Father Abraham explains the realities of the situation.  Just in case he hadn’t noticed, things are now reversed.  But the rich man is a negotiator.  He tries another angle, this time on behalf of his brothers.  If Abraham would just send Lazarus back to them, they would listen.  Abraham replies that the brothers already have what they need in the existing scriptures.

 

The rich man tries one last time.  He knows how to get his brothers’ attention.  Send someone back from the dead.; they will listen, they will repent; they will move.

 

Father Abraham gets the final word.  He points out that the brothers won’t be convinced, even if someone rises from the dead.  Because what’s at stake isn’t about being convinced.  It’s about seeing – an alternative way of seeing.  It isn’t so much about witnessing the miraculous as it is noticing the mundane.  Seeing God in the most uneventful of life’s encounters; seeing the single mother working at Wendy’s; seeing the immigrant stocking the shelves.

 

Jesus is not asking us to stop being rich.  He is asking us to start seeing the poor.  Broad Street’s location constantly challenges us to see those in poverty outside our walls.  The calling of the church is always to turn itself inside out.  As that happens we see them.  We will even see the poor inside these walls, because they are here.

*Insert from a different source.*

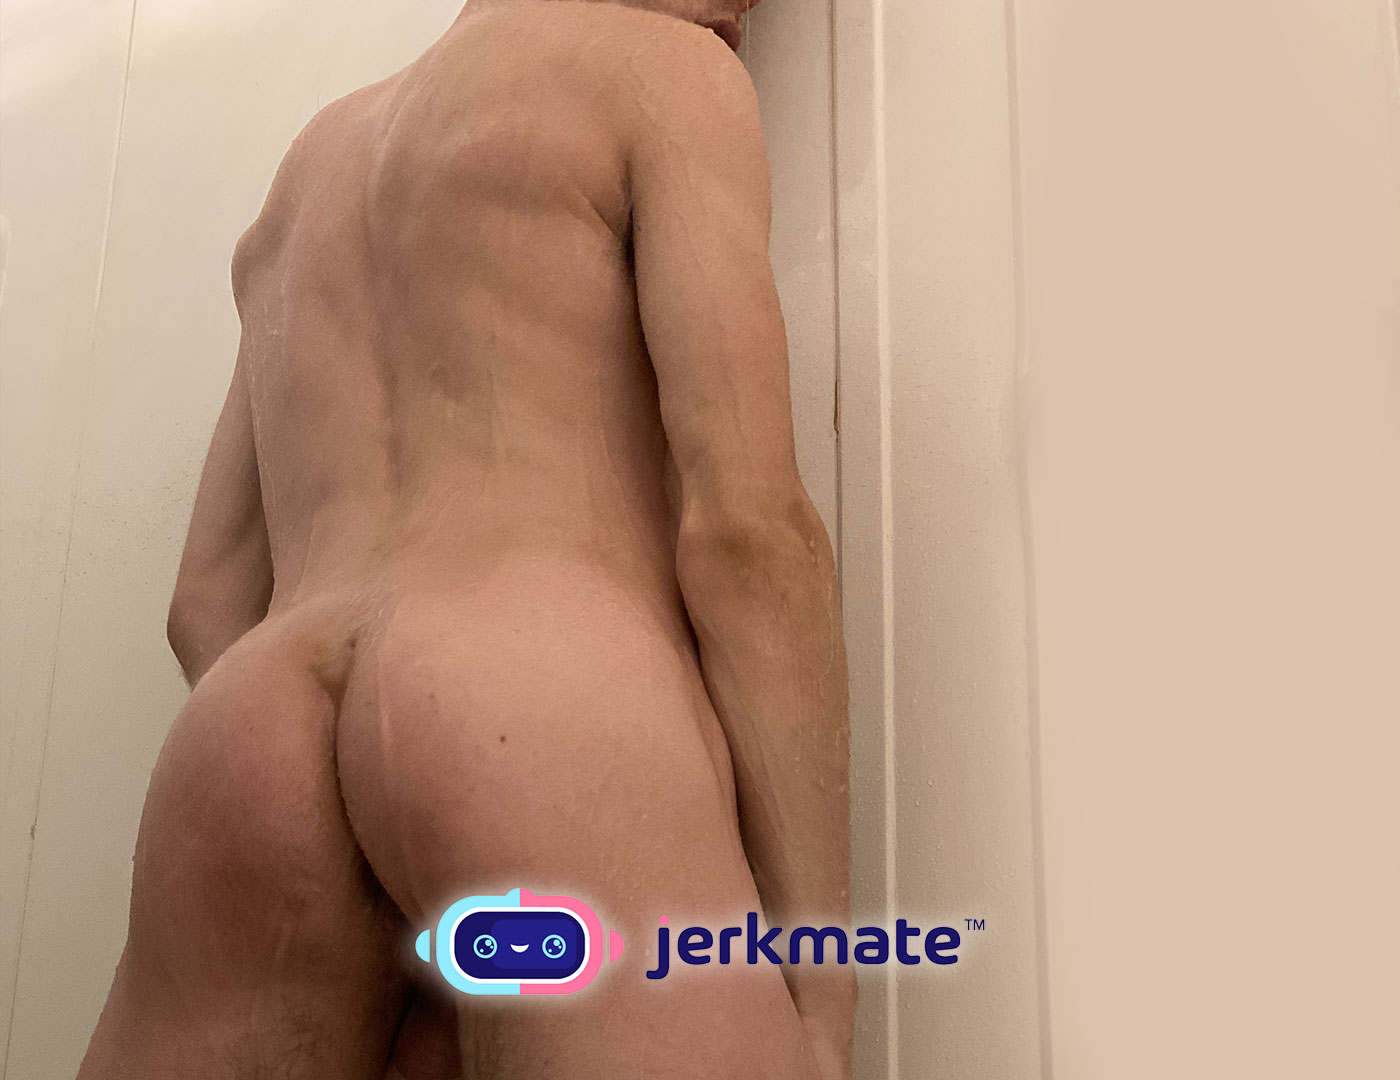 Edward Terrant Porn Picture - Jerkmate

When we see we will understand that the great chasm in our lives is not between us and the poor.  It is between us as we are now and us as God wants us to be.  The poor are not an obstacle.  They are a bridge across this great chasm of our own divided selves. 

 

A few years ago many of us were moved by Barbara Ehrenreich’s book Nickled and Dimed: On (Not) Getting by in America.  She wondered whether it really was possible to live on minimum wage.  So she got personally involved and decided to see for herself.  She took minimum wage jobs cleaning houses in Maine, at Walmart in Minnesota, and as a waitress in Florida.  With her characteristic writing style she chronicled her exhausting journey.  She concluded that it was possible to survive on minimum wage – barely.  Maybe, possibly, one could survive.  But certainly not live.  The results moved her; and moved many of us who read her book.

 

It is very hard to break out of the cycle of poverty.  We see that here, week by week, as residents from Community Properties of Ohio meet with supportive allies, trying to take steps to move out of poverty into the middle class.

           

           The end of Jesus’ parable of the Rich Man and Lazarus is still being written, by us, the brothers and the sisters of the Rich Man.  Those of us with more have a sacred, God-given responsibility for those with less.  So what do we see?  How are we moved?  Albert Schweitzer followed God to Africa.  That same God’s fierce love is at work in our lives, spiritually reshaping those misshapen places in us.  Maybe we have been drawn to church out of a desire to satisfy our own spiritual needs and now we are encountering God’s reality in a way that makes demands on us, that asks us to move.  C.S. Lewis once said that “sometimes we come to Christ for a toothache and find ourselves being wheeled into the operating room for major surgery.”

 

            It is hard to know how to end a sermon like this.  Maybe it doesn’t end.  This is just the beginning.  Amen.